Wintemute suggests that the current state of crisis can be seen as an opportunity for change. He points to a Biden administration plan to spend $5 billion over eight years on community-based intervention programs to reduce gun violence, and he highlights initiatives by the federal government to battle domestic violent extremism and to disrupt gun trafficking.

Similarly, constitutional law and gun policy expert Adam Winkler argues that the gun safety movement should shift away from long-running efforts to outlaw assault rifles and large-capacity magazines. “An expansive new interpretation of the Second Amendment by the Supreme Court warrants a reordering of priorities,” he writes. “An agenda that focuses on intervention, beefing up gun law enforcement, and better background checks would not only be more likely to survive in the court, it might also do more to reduce gun violence.” He notes that while assault rifles “look menacing” and have been used in some of the worst massacres, “most mass shootings are actually committed with handguns.”
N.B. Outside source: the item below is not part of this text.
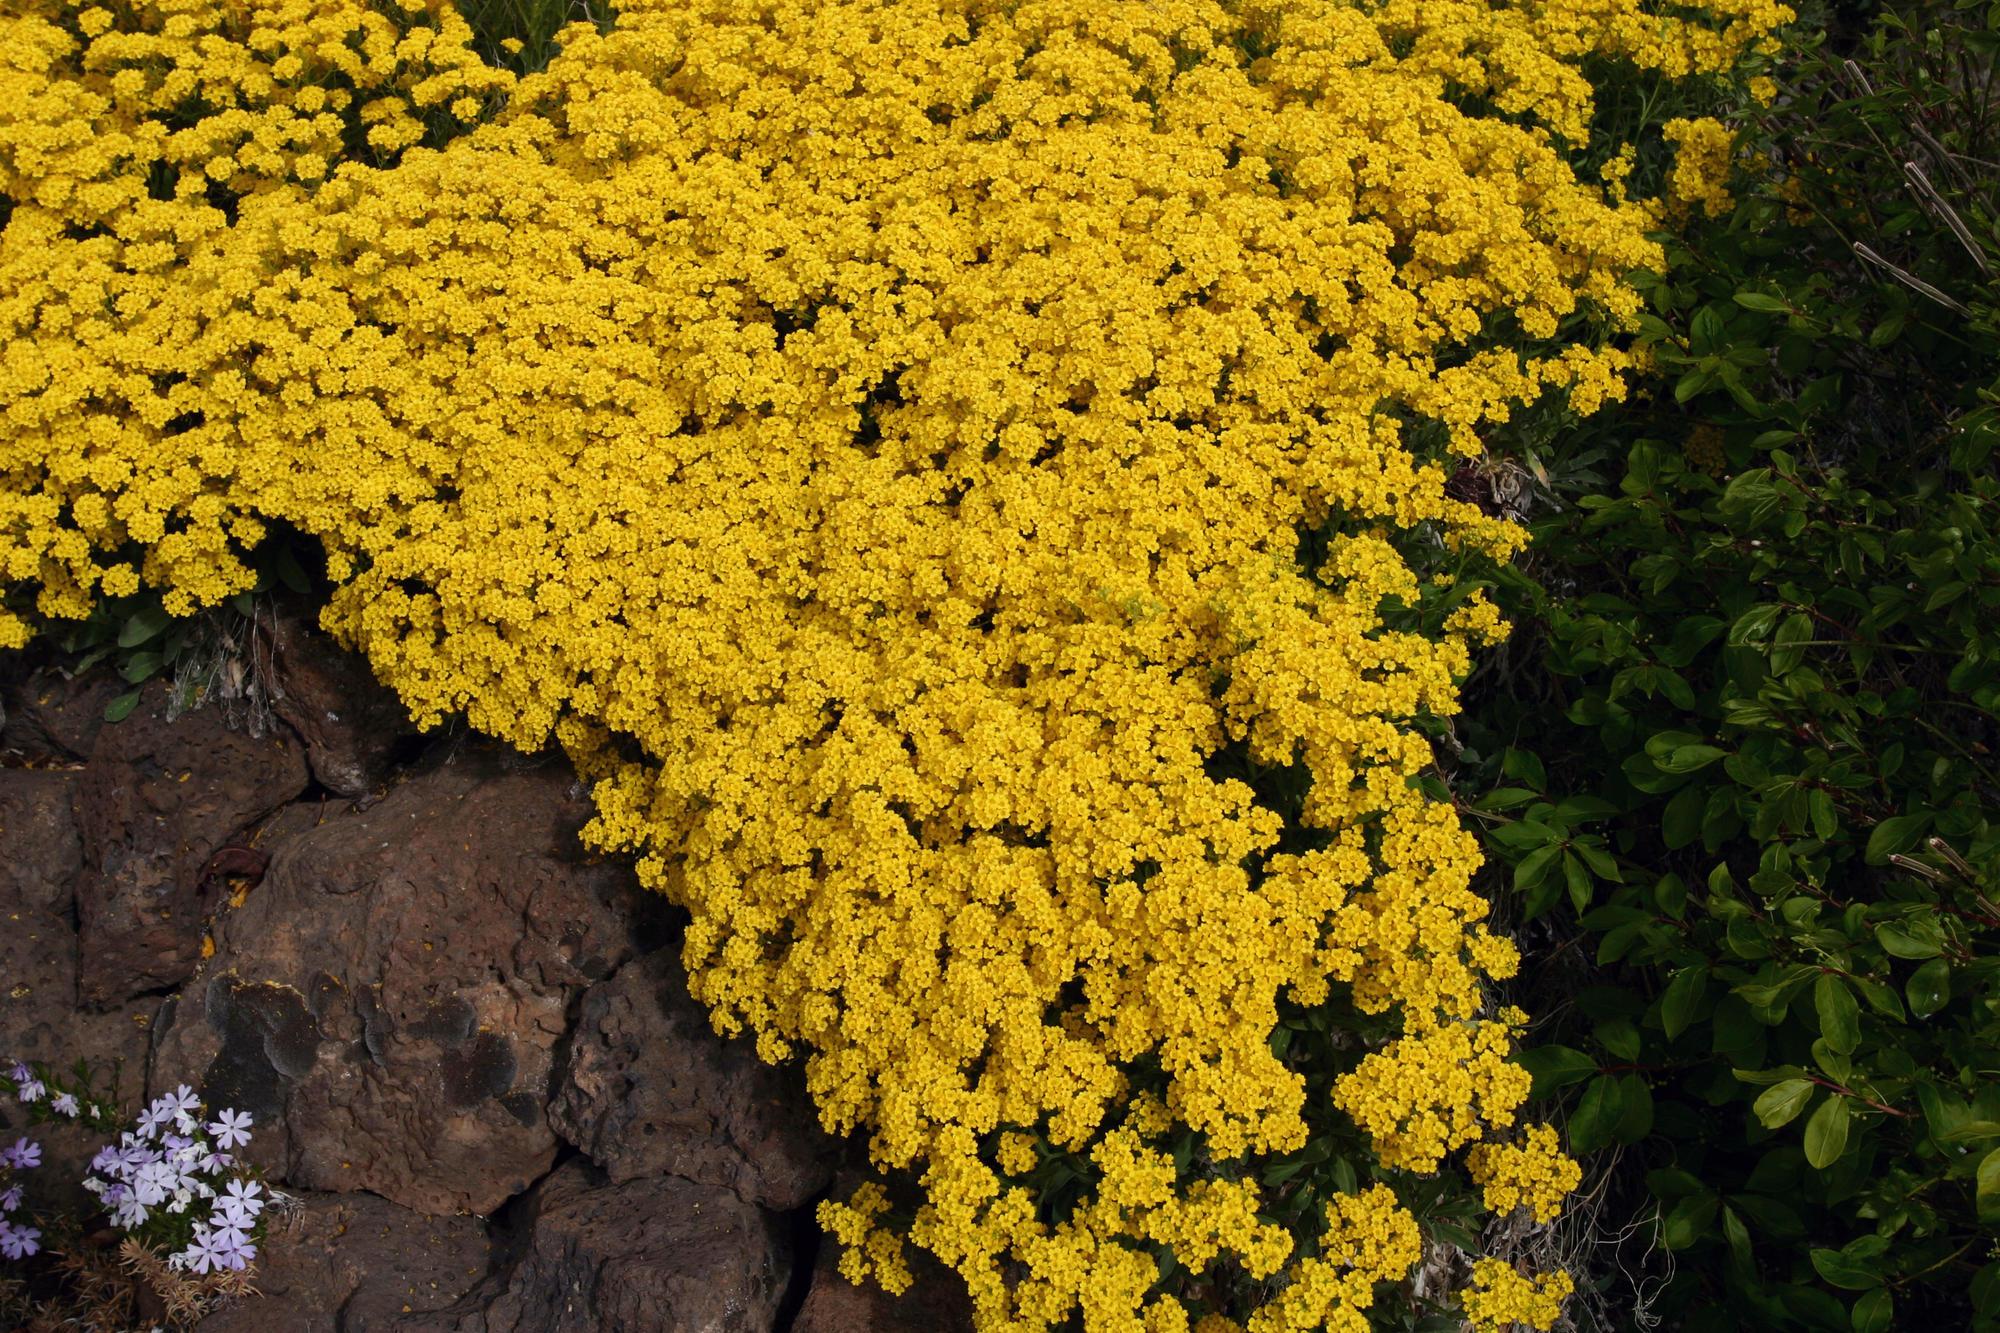 Yellow blooms of a basket of gold plant.

Another promising solution for preventing mass shootings is the emerging field of behavioral threat assessment, whose interventions using collaborative mental health and law enforcement expertise I first wrote about extensively in 2015. This evolving method and the growth nationwide of threat assessment teams, now mandated for public school systems in more than half a dozen states, is the subject of my forthcoming book, Trigger Points.

It’s also worth recalling who benefits from—and who pays the price for—the nation’s saturation of guns and their overall lax regulation. As we detailed in a 2016 Mother Jones investigation, the secretive US firearms industry is worth at least $8 billion annually. Profits have been growing again of late for gunmakers and companies with related products: In early November, Vista Outdoor announced a quarterly jump in shooting-sports sales of 49 percent, to $566 million, boosted by 65 percent growth in ammunition sales.

The price for America at large is an order of magnitude greater, as we showed in another investigation in 2015. That begins with the terrible human costs of gun violence, now suffered by more than 150,000 gunshot victims each year, and extends to a staggering economic toll that should worry the staunchest of fiscal conservatives. Even before the most recent era of surging gun sales and gun homicides, the financial cost of gun violence in America, as we documented then, amounted to at least $229 billion. That’s billion with a “b”—every single year. It’s a price that has continued to rise.